When Claim Objection Must Go To Arbitration—And When Not: Defensive v. Offensive Deployment (Johnson v. S.A.I.L.)

Offensive or defensive deployment? (Photo by Marilyn Swanson)

By: Donald L Swanson

It’s a defense v. offense distinction:

  • Defense—An objection and counterclaim designed to diminish or zero-out a proof of claim in bankruptcy is not subject to arbitration; but
  • Offense—An objection or counterclaim designed to do anything more . . . can be compelled to arbitrate.

That’s the essence of a recent opinion in Johnson v. S.A.I.L. LLC (In re Johnson), Adv. No. 22 -172, Northern Illinois Bankruptcy Court (issued March 28, 2023; Doc. 18).  What follows is a summary of that opinion.


S.A.I.L. is a high interest lender to consumers.   

In spring of 2022, Johnson needs $4,000, finds S.A.I.L. on the Internet, and reads the material on S.A.I.L.’s website.
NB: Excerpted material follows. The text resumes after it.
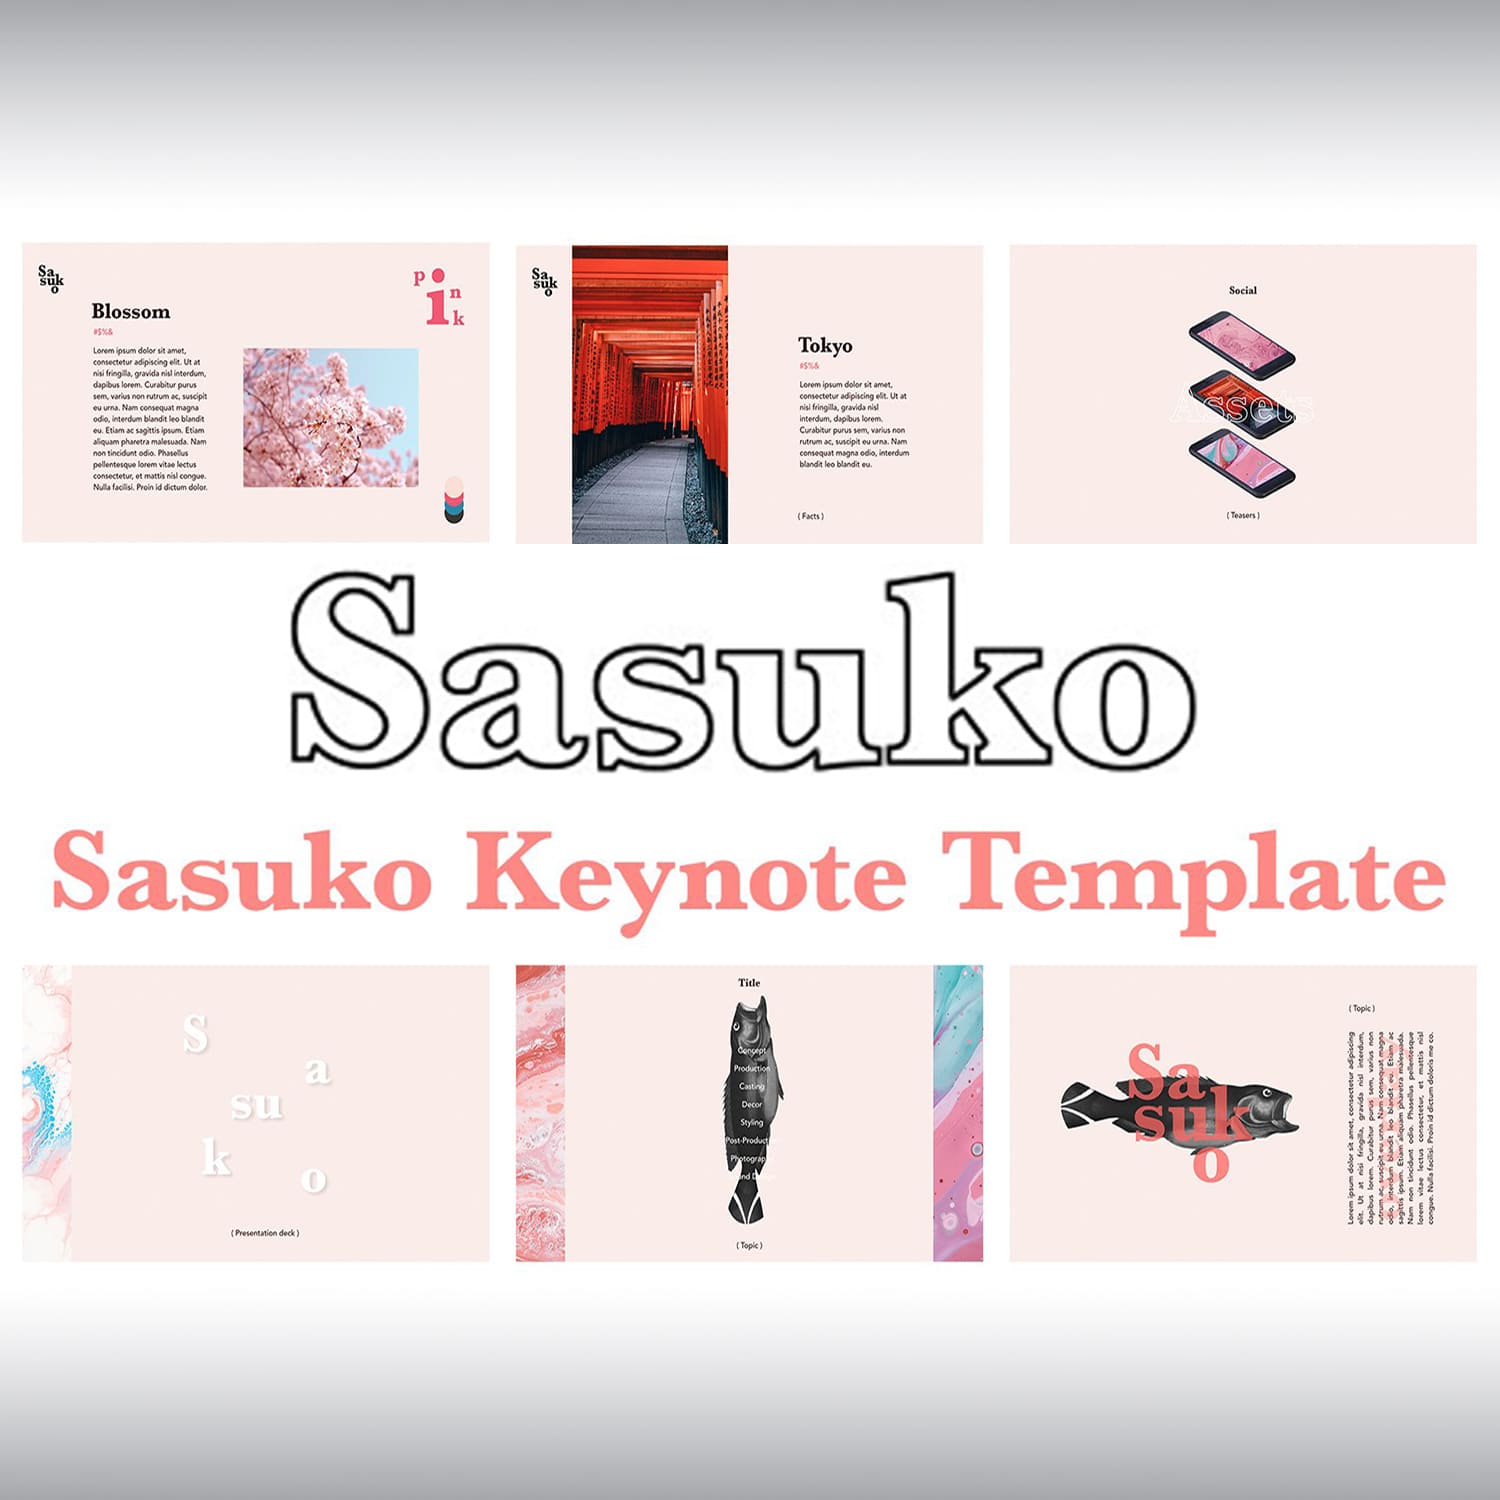 Sasuko Keynote Template.

Then, Johnson borrows $4,000 from S.A.I.L.  The proceeds are distributed like this:

  • $1,000 – directly to Johnson;
  • $3,000 – deposited on Johnson’s behalf with S.A.I.L.’s bank.

Loan documents provide that “all Disputes shall be resolved by binding arbitration pursuant to and under the Federal Arbitration Act.”
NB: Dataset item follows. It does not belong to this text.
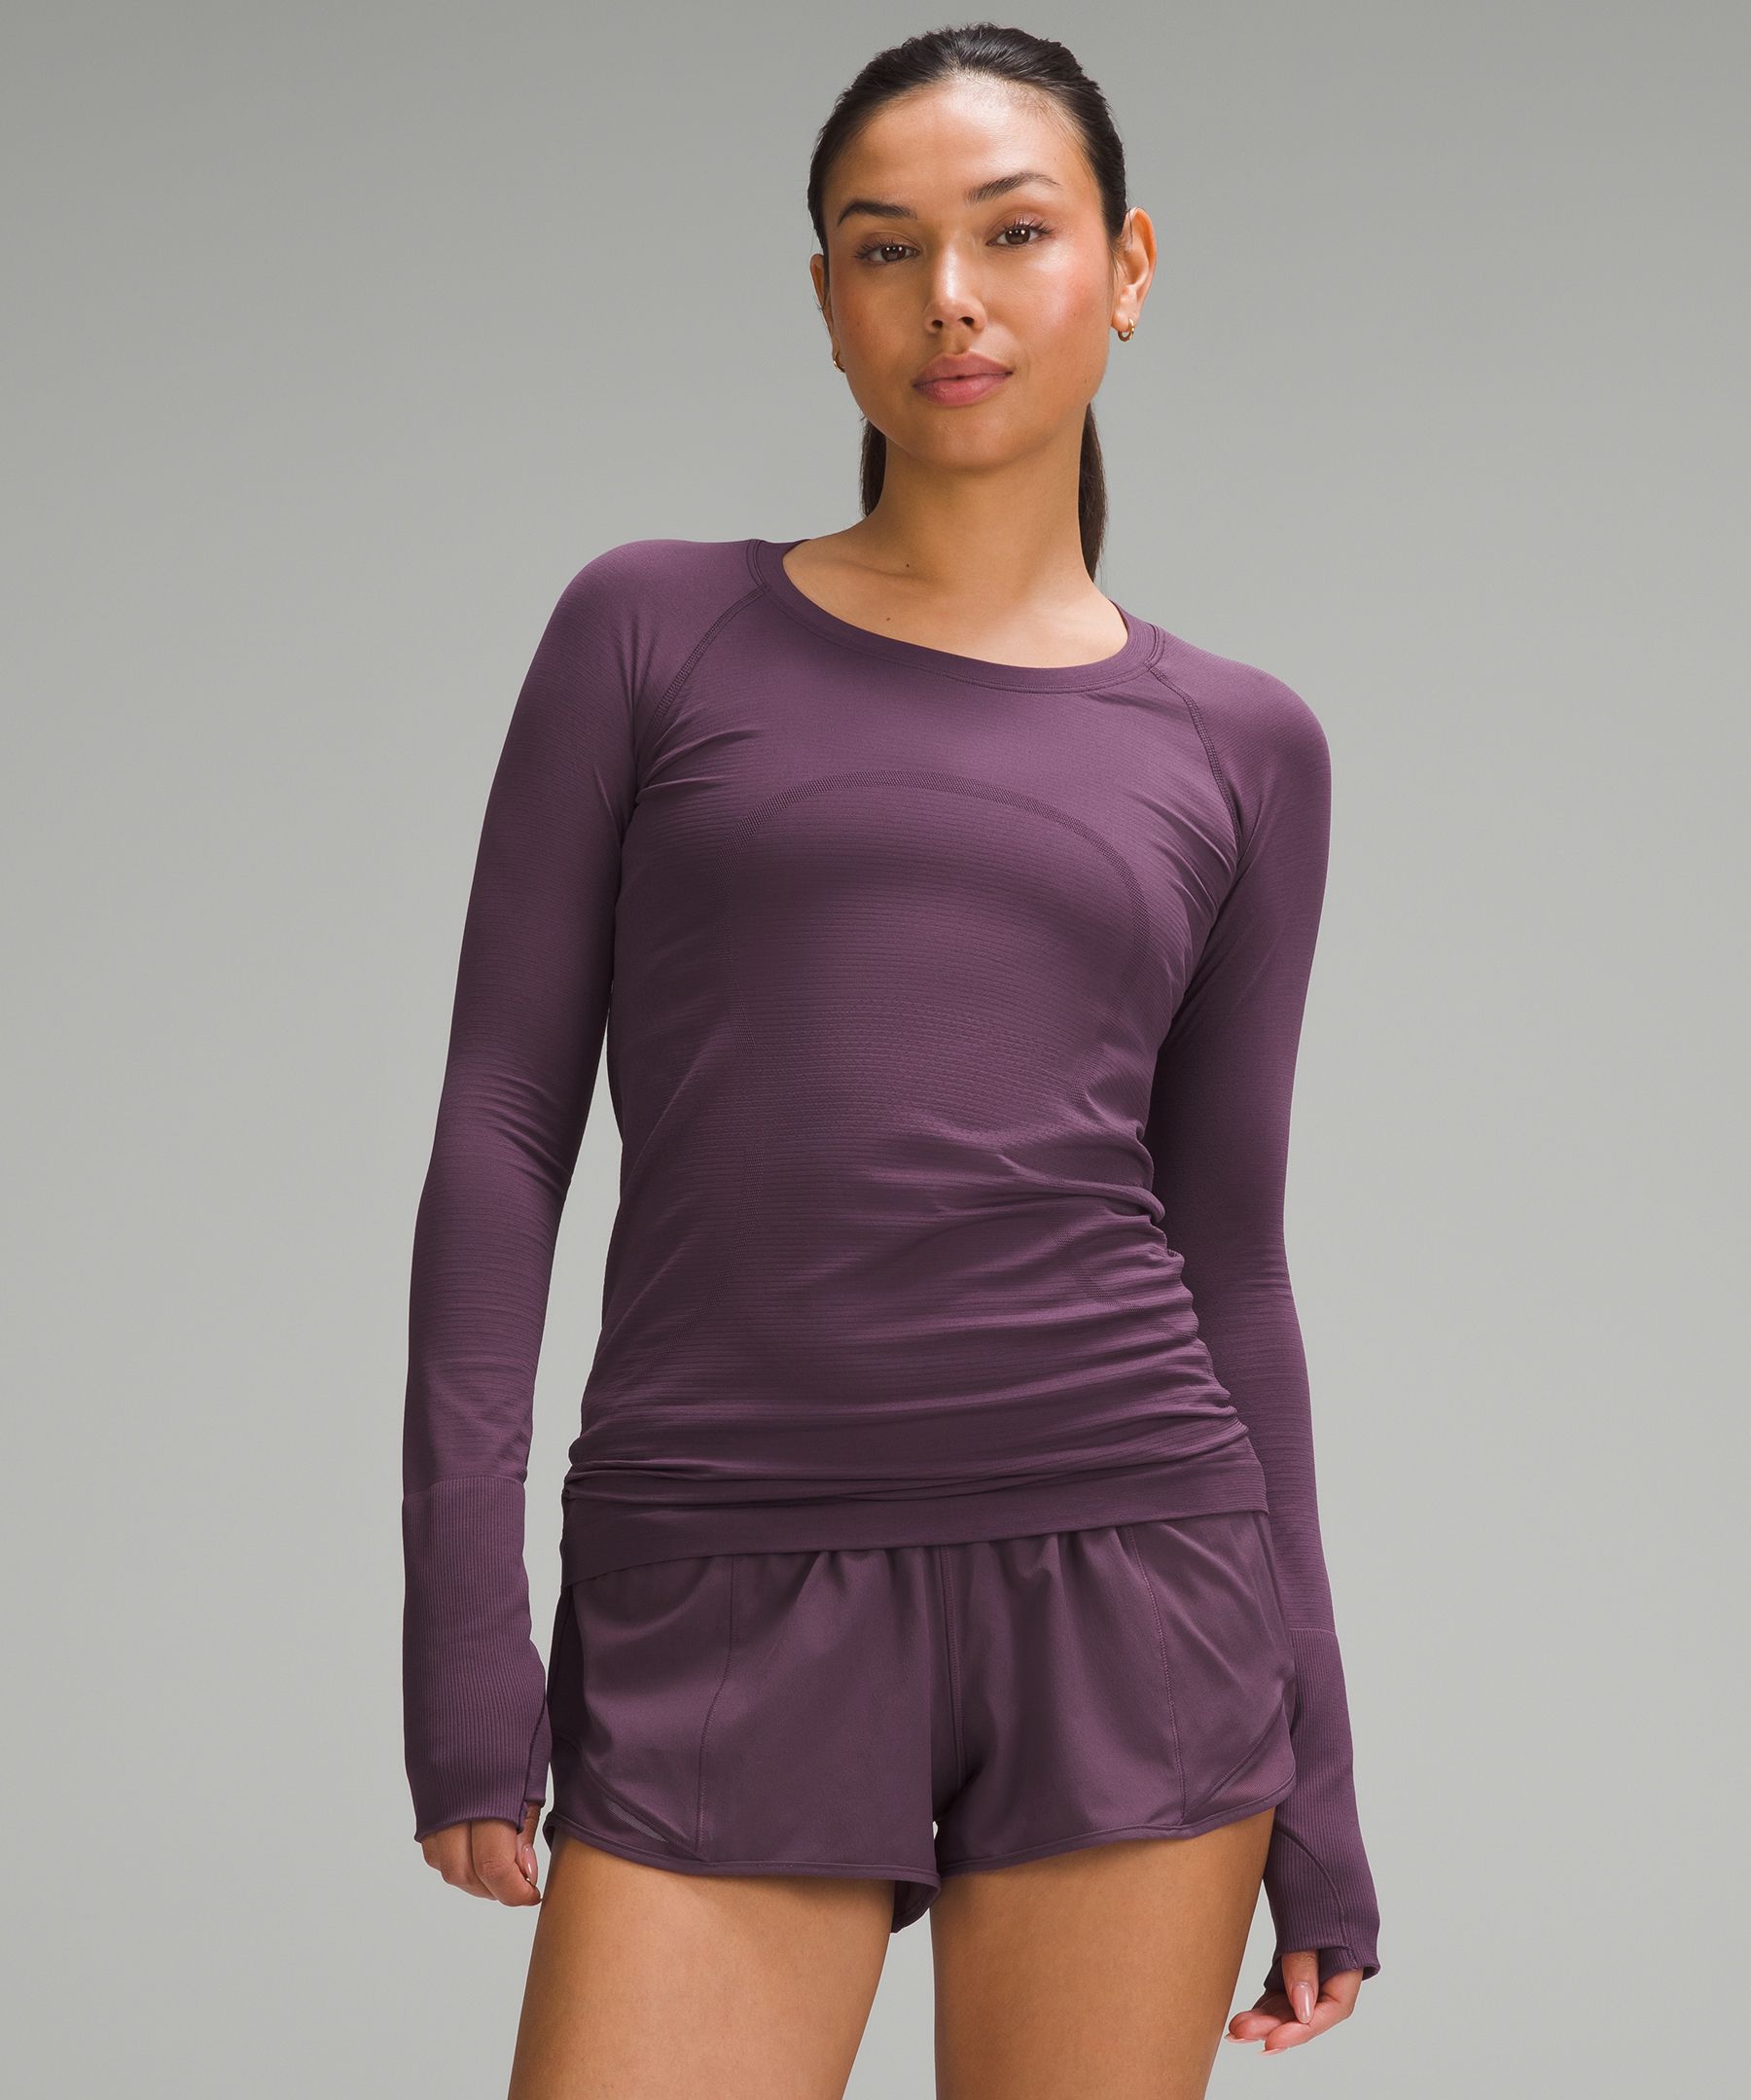 Lululemon Swiftly Tech Long Sleeve Shirt 2.0 In Purple

Debtor files Chapter 13 and proposes a plan. 

S.A.I.L. files a proof of claim for $3,741.28, secured in the amount of $3,000 by a “Collateral Deposit.”
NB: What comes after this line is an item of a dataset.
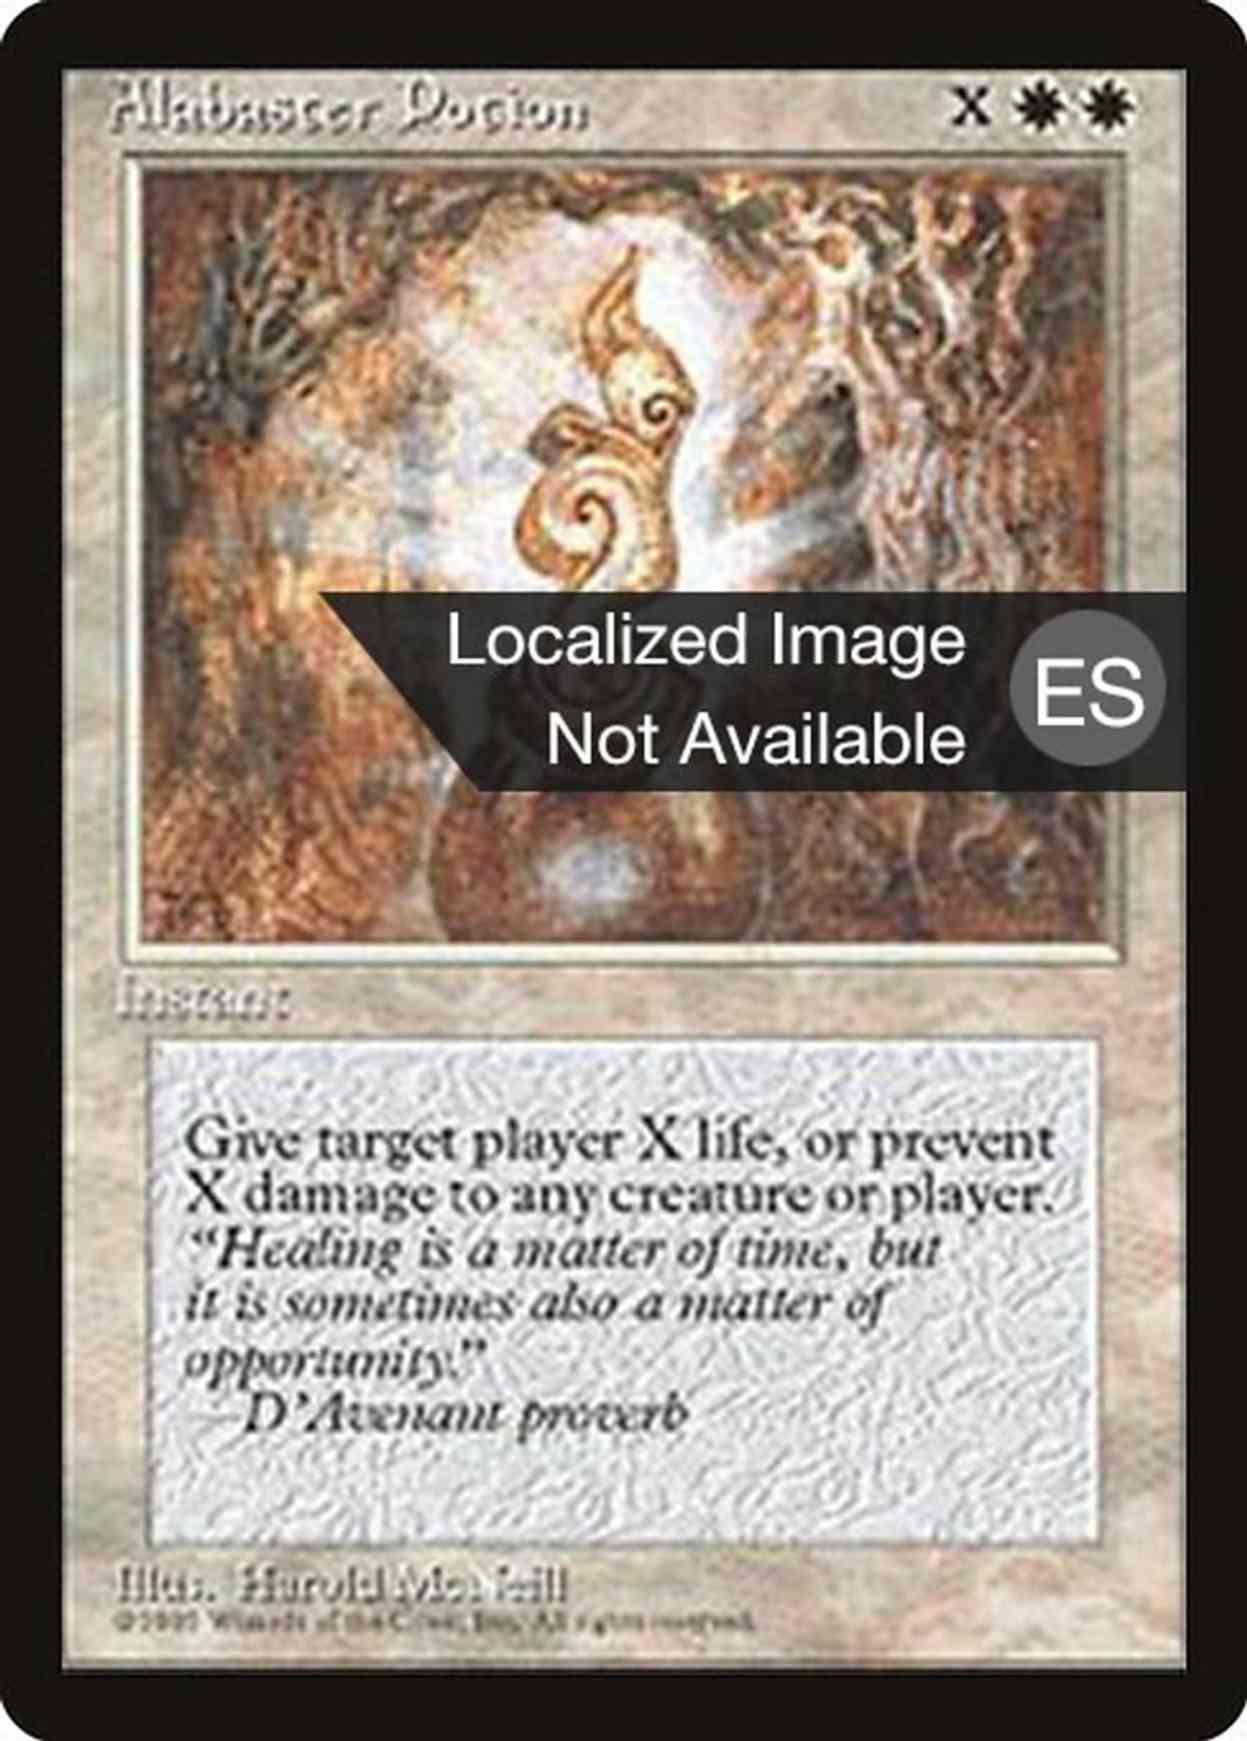 Alabaster Potion magic card front

Johnson sues S.A.I.L., in her bankruptcy, asserting three counts (also called objections to and counterclaims against S.A.I.L.’s proof of claim):

  1. Count I: that S.A.I.L.’s Claim be denied and that S.A.I.L.’s loan to her be voided under Illinois laws because the $3,000 deposited on her behalf with S.A.I.L.’s bank is a “device, subterfuge, or pretense to evade the requirements” of Illinois predatory loan and consumer fraud laws. 
  2. Count II: for relief under Illinois interest laws because S.A.I.L. charged her unlawful interest.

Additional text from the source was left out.